During the study visit, participants provided informed consent and completed a battery of self-report questionnaires (described below). Participants received a $50 store gift card for participating in the study.

All study procedures were reviewed, approved, and monitored by the KPNW and VAPORHCS Institutional Review Boards. All participants provided informed consent to participate.

Measures

EMR-derived variables

Prescription opioid, clinical diagnostic, and past-year medical care utilization (e.g., primary care, specialty care, mental health care, substance use care) data were extracted from the EMR. Each participant was considered to have a diagnosis if they were diagnosed with the condition in a clinical setting one or more times in the prior year.

Self-report measures

Basic demographic characteristics that were assessed include age, gender, race, marital status, employment, socioeconomic status, and disability status. In order to quantify current opioid dose, all participants were asked to verify current opioid prescription data and were asked about potential opioid prescriptions from outside sources.

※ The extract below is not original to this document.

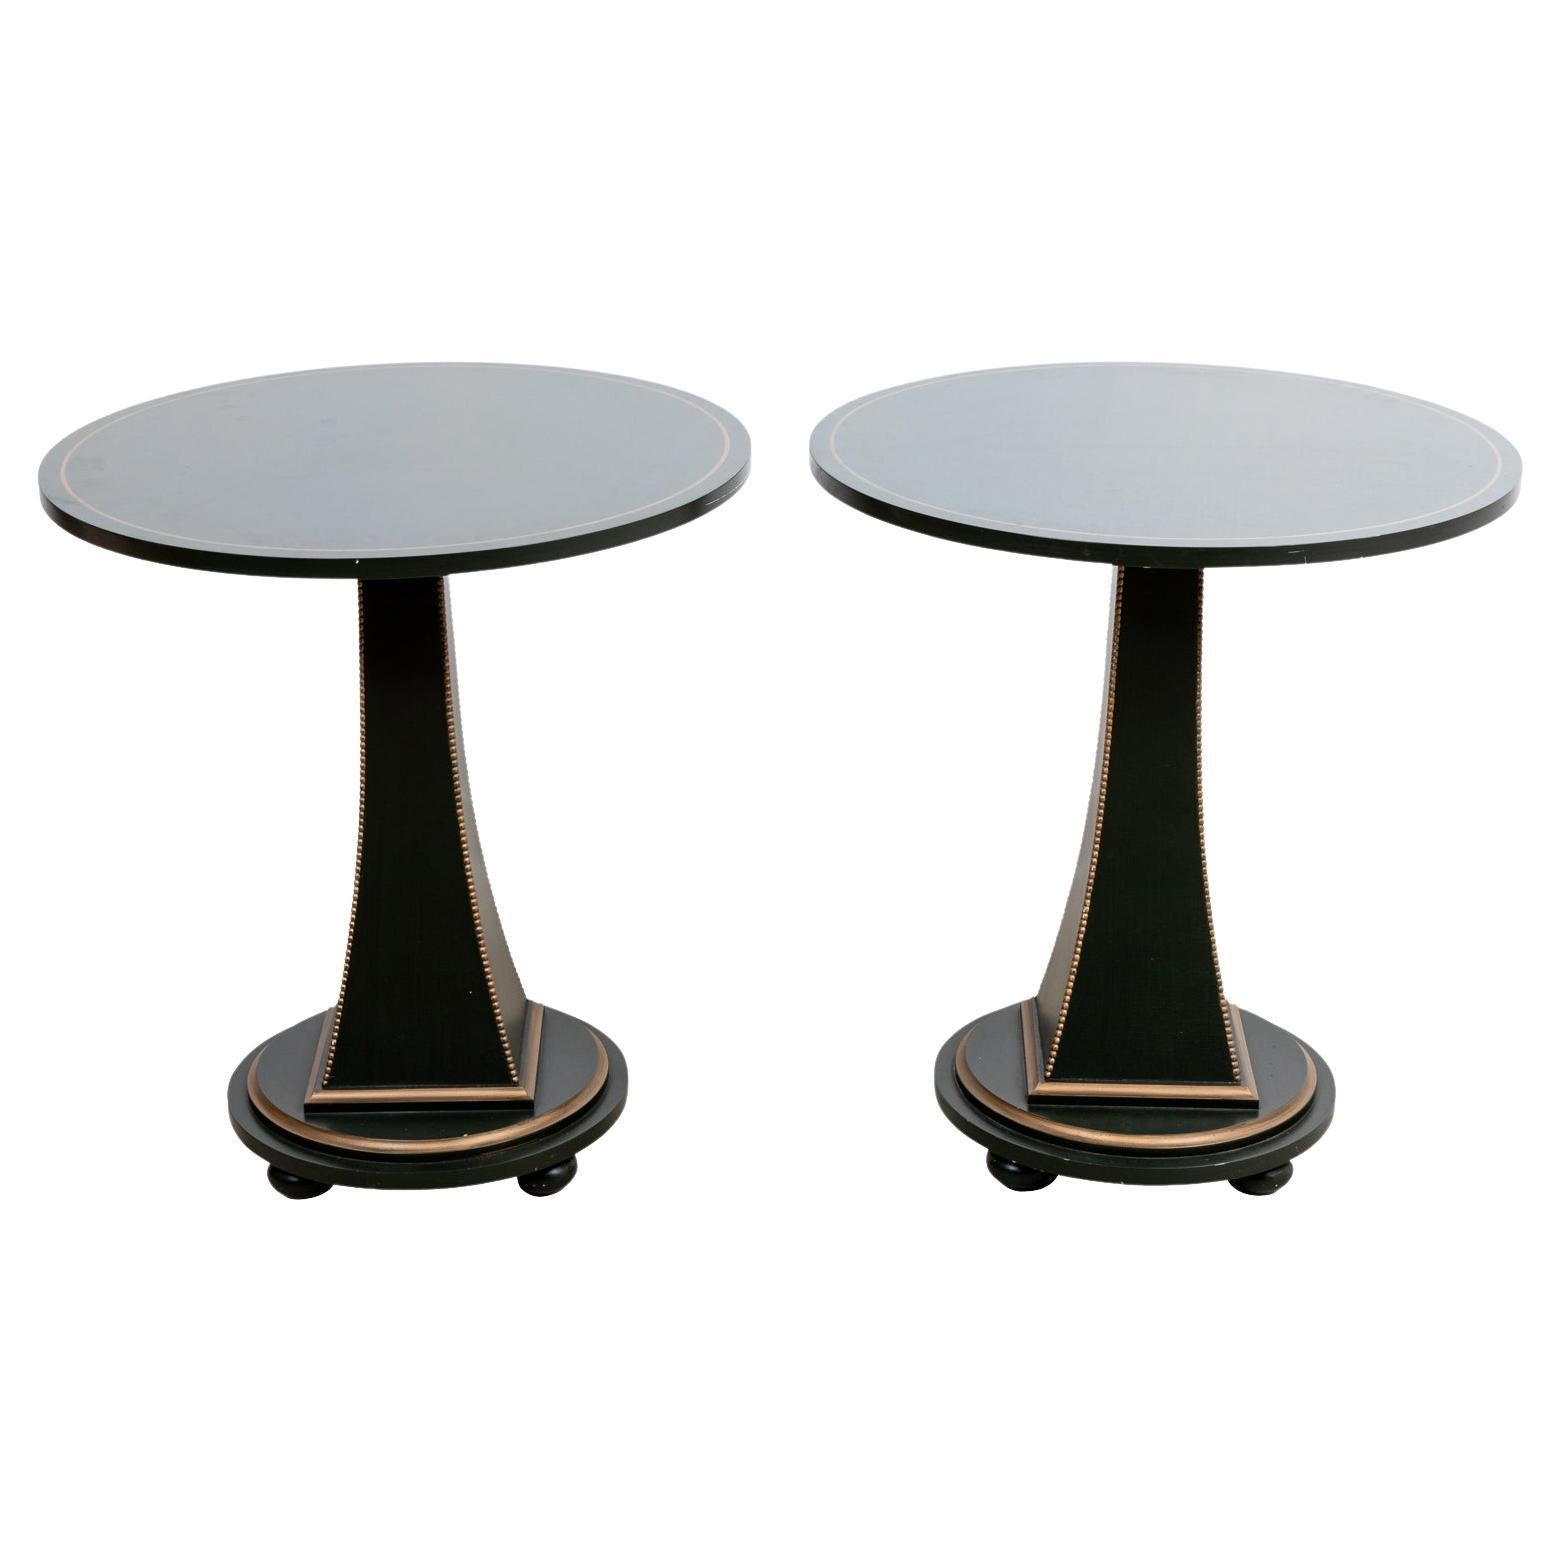 Pair of Italian Style Pedestal Tables

The Chronic Pain Grade (GPG) was used to assess pain intensity and pain-related function. The CPG is a commonly used and well-validated measure that provides global scores of pain intensity and functioning.18,42 Quality of life was measured with the Short-Form Health Survey, Version 2, (SF-12v2)50 a 12-item well-validated self-report measure of quality of life that is sensitive to change and has been used in numerous epidemiological studies. The SF-12v2 provides subscale scores on physical and mental health functioning; higher scores are associated with better functioning. The Patient Health Questionnaire (PHQ) was used to assess depressive symptoms.30 The PHQ is a brief, reliable, and psychometrically valid measure used to screen for depressive symptoms.29,44 For this study, we administered the PHQ-8, which removes a question assessing current suicidal ideation. The Generalized Anxiety Disorder-7 Scale is a brief self-report measure designed to assess the severity of anxiety symptoms, and has been validated as a robust predictor of the different anxiety disorders.28,44 The 3-item AUDIT-C8 was used to screen for current alcohol use disorder. In this study, a potential alcohol use disorder was indicated for scores ≥ 5 for men and ≥ 4 for women. The Drug Abuse Screening Test-10 (DAST-10)41 is a 10-item measure used to assess misuse of illicit substances. A potential substance use disorder was defined as a DAST-10 score ≥ 2.12 The Pain Medication Questionnaire is a self-report measure designed to assess beliefs and behaviors related to the misuse of pain medications.1 Studies of the PMQ suggest it has good psychometric properties.15,23 We administered the 23-item version. Higher scores reflect greater risk for misuse of prescription opioids.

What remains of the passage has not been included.